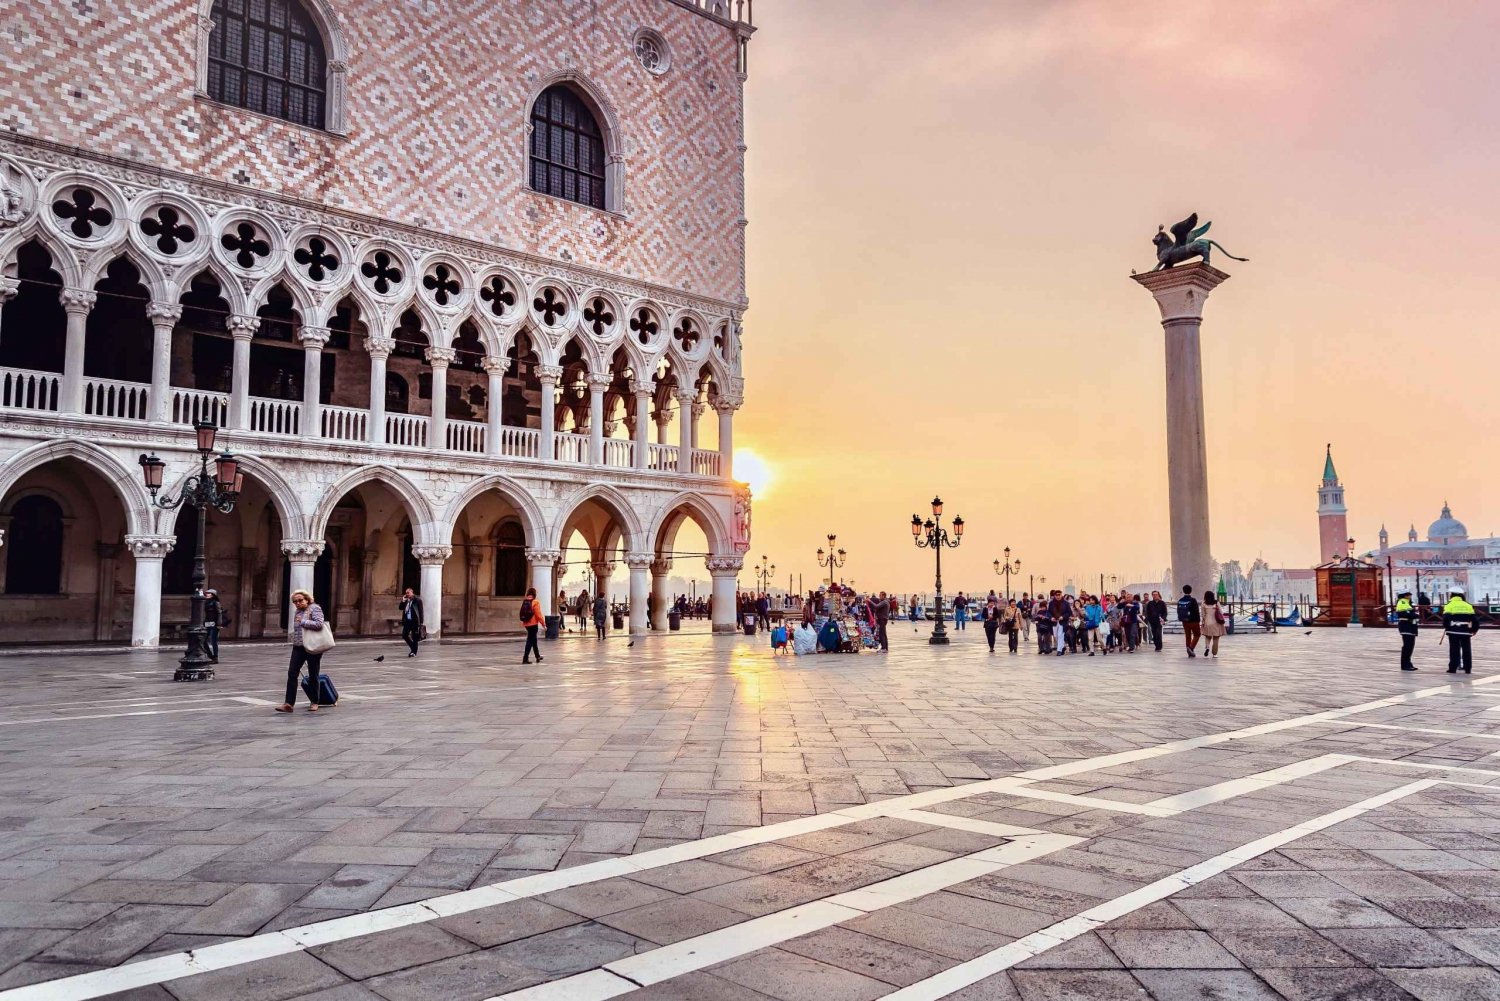 Venice: Gondola Ride and Skip the Line Doge's Palace Tour
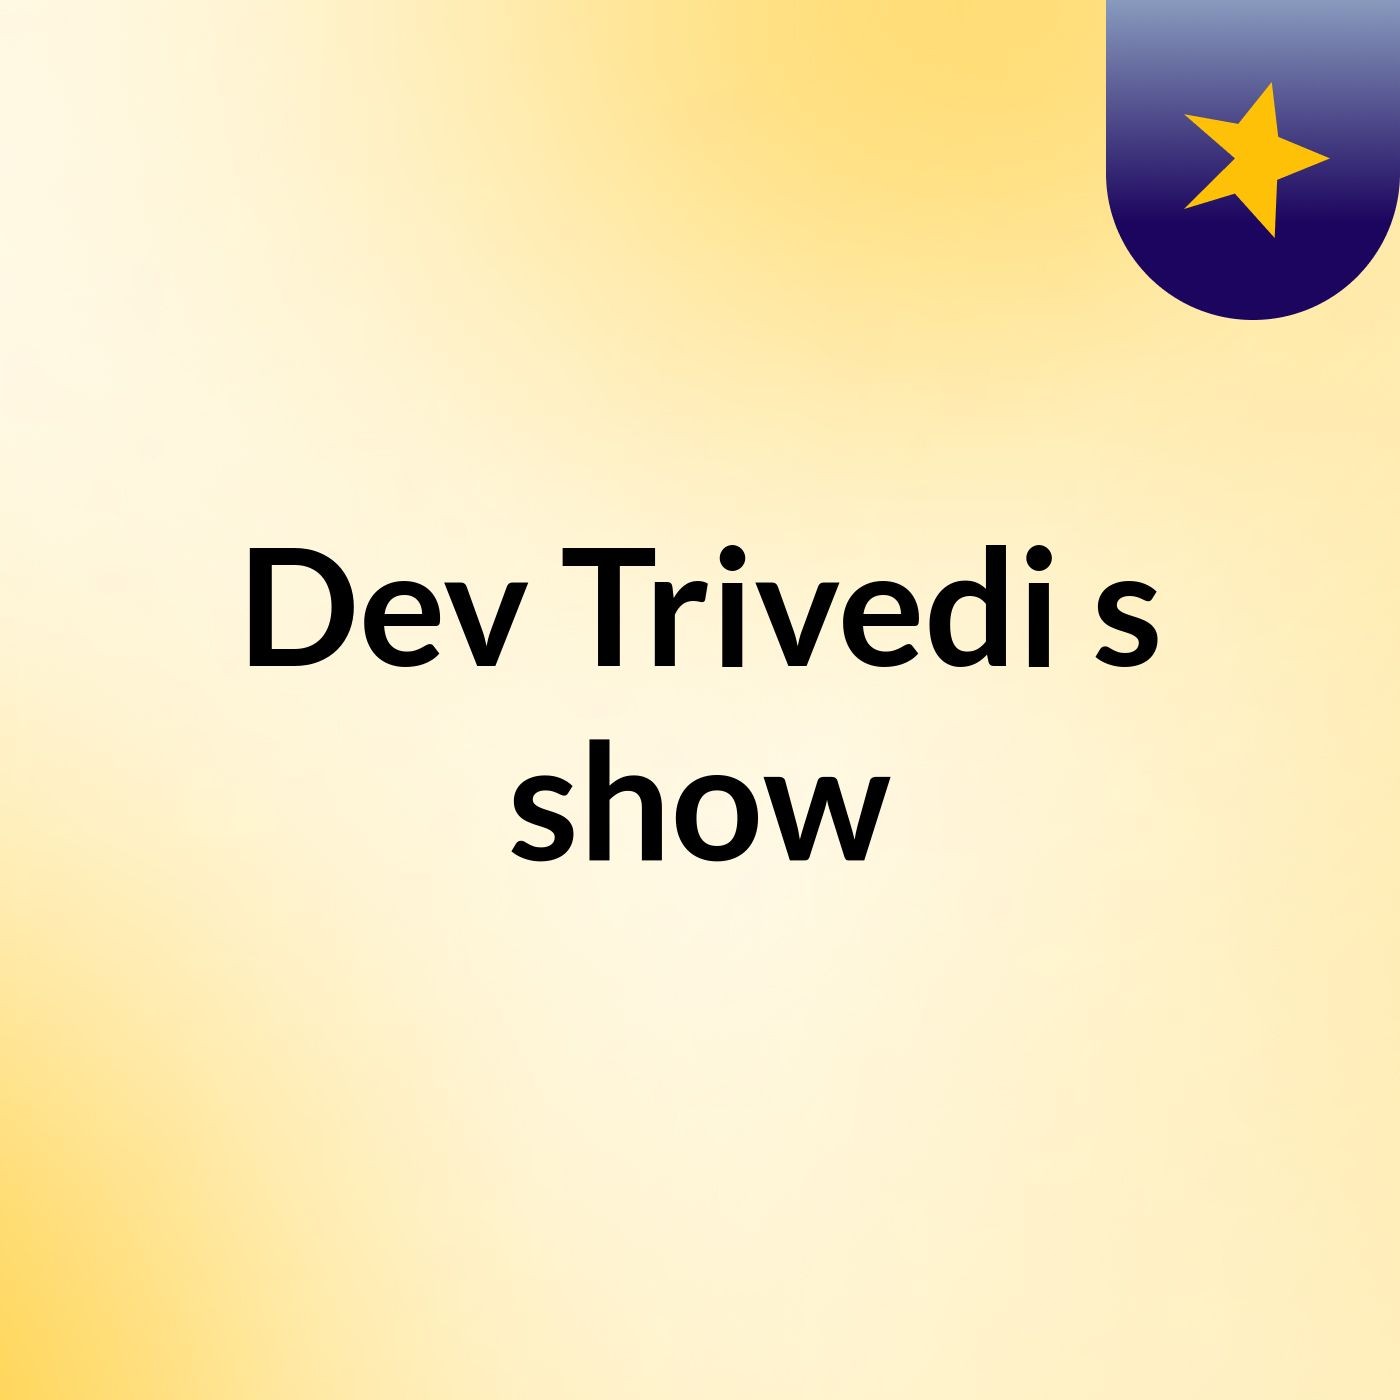 Dev Trivedi's show
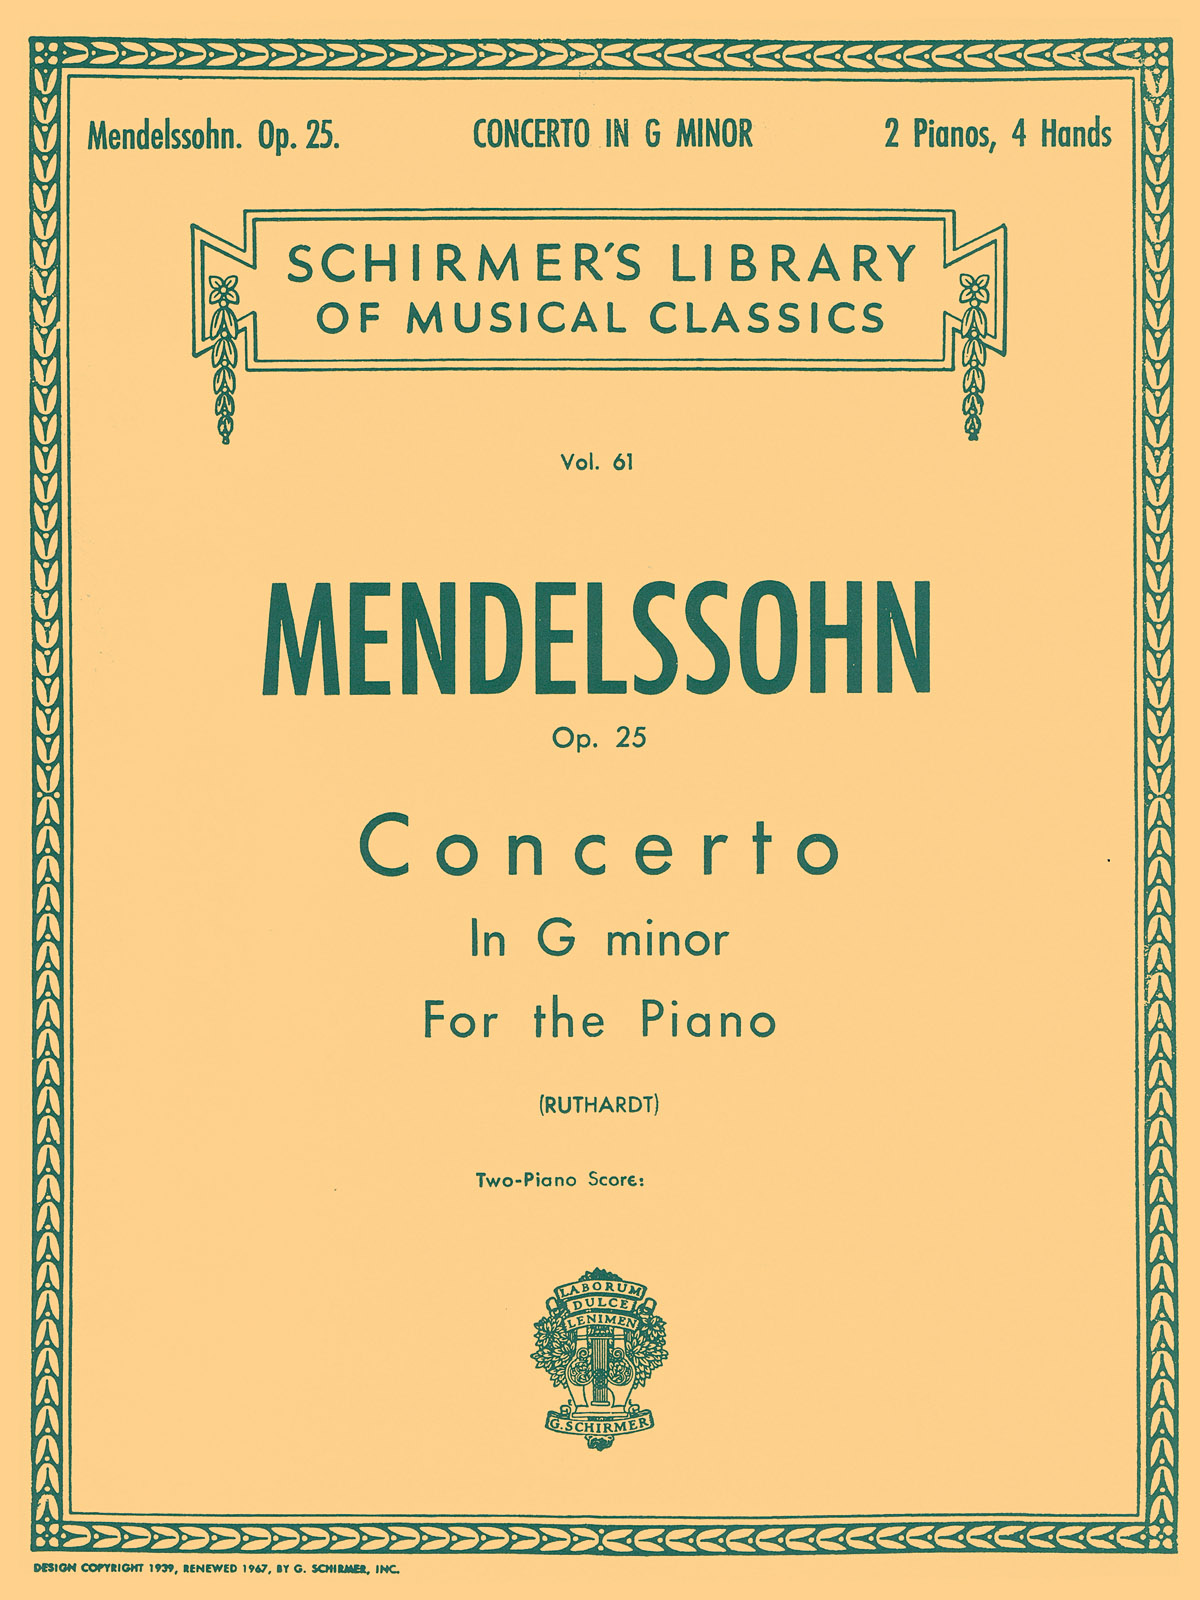 Felix Mendelssohn Bartholdy: Concerto No. 1 in G Minor, Op. 25
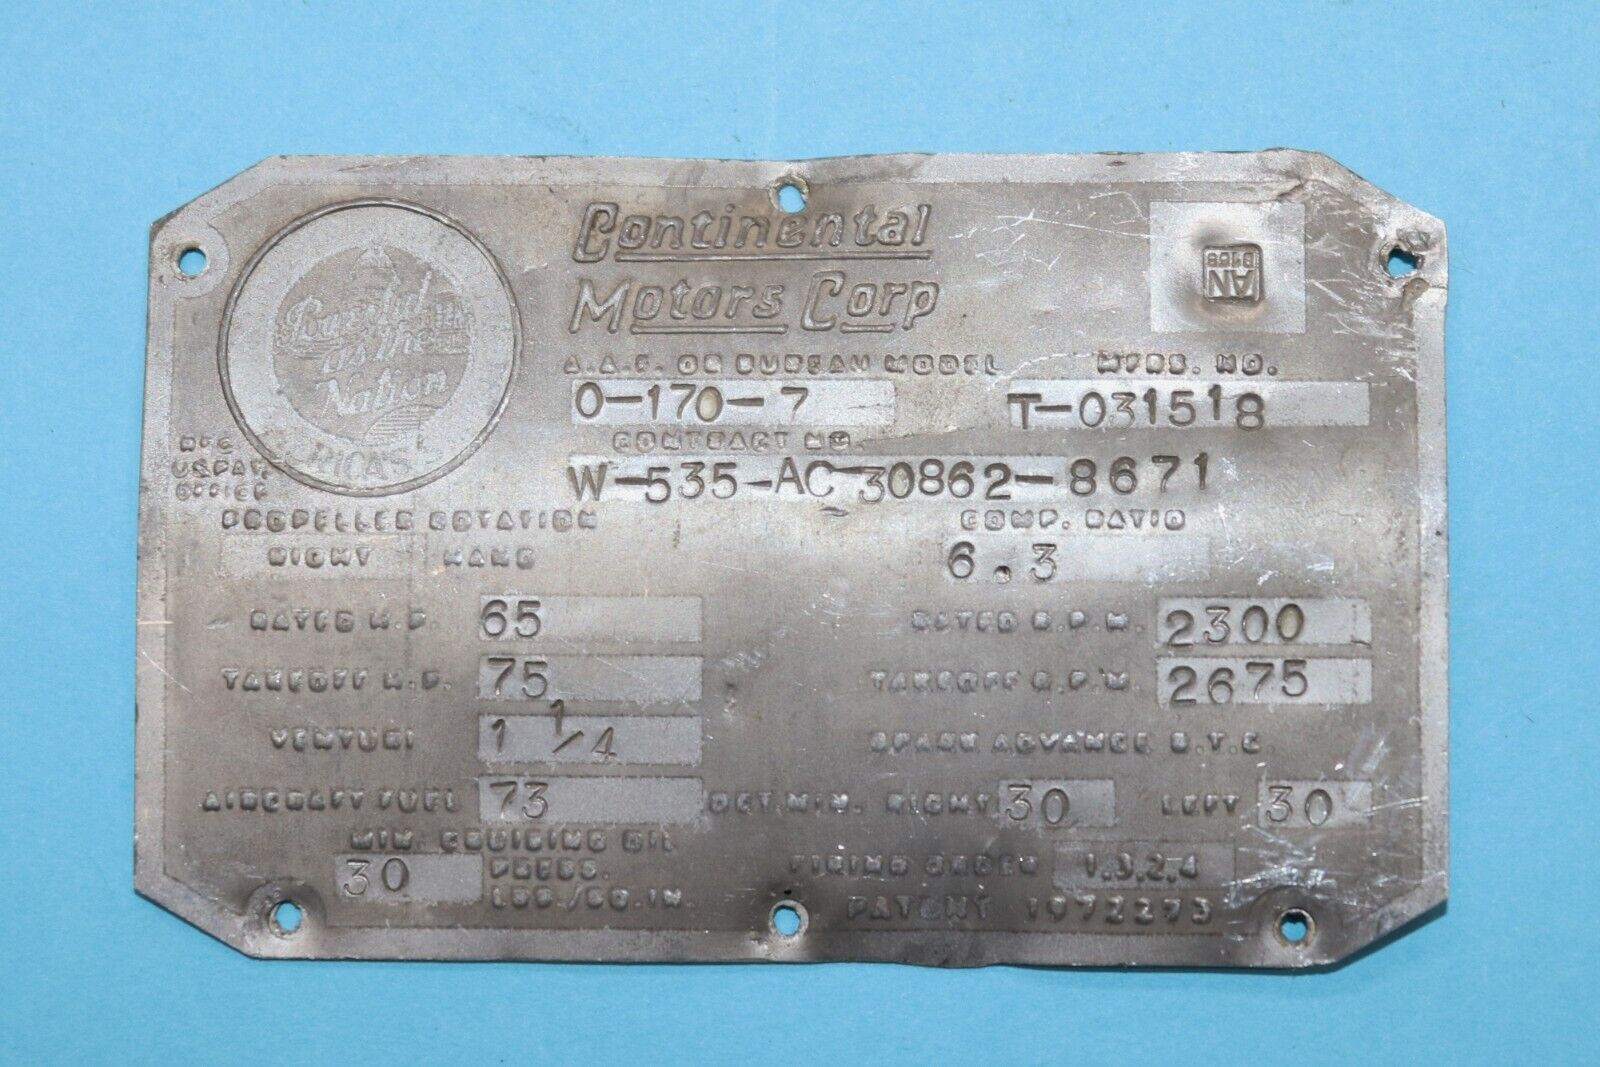  Original Continental O-170-7, 65/75 HP Engine Data Plate

Activity: With pictures excluded, the material is to be written out exactly as given.

Exercise response:
 Venice: Gondola Ride and Skip the Line Doge's Palace Tour
 Dev Trivedi's show
 Felix Mendelssohn Bartholdy: Concerto No. 1 in G Minor, Op. 25
  Original Continental O-170-7, 65/75 HP Engine Data Plate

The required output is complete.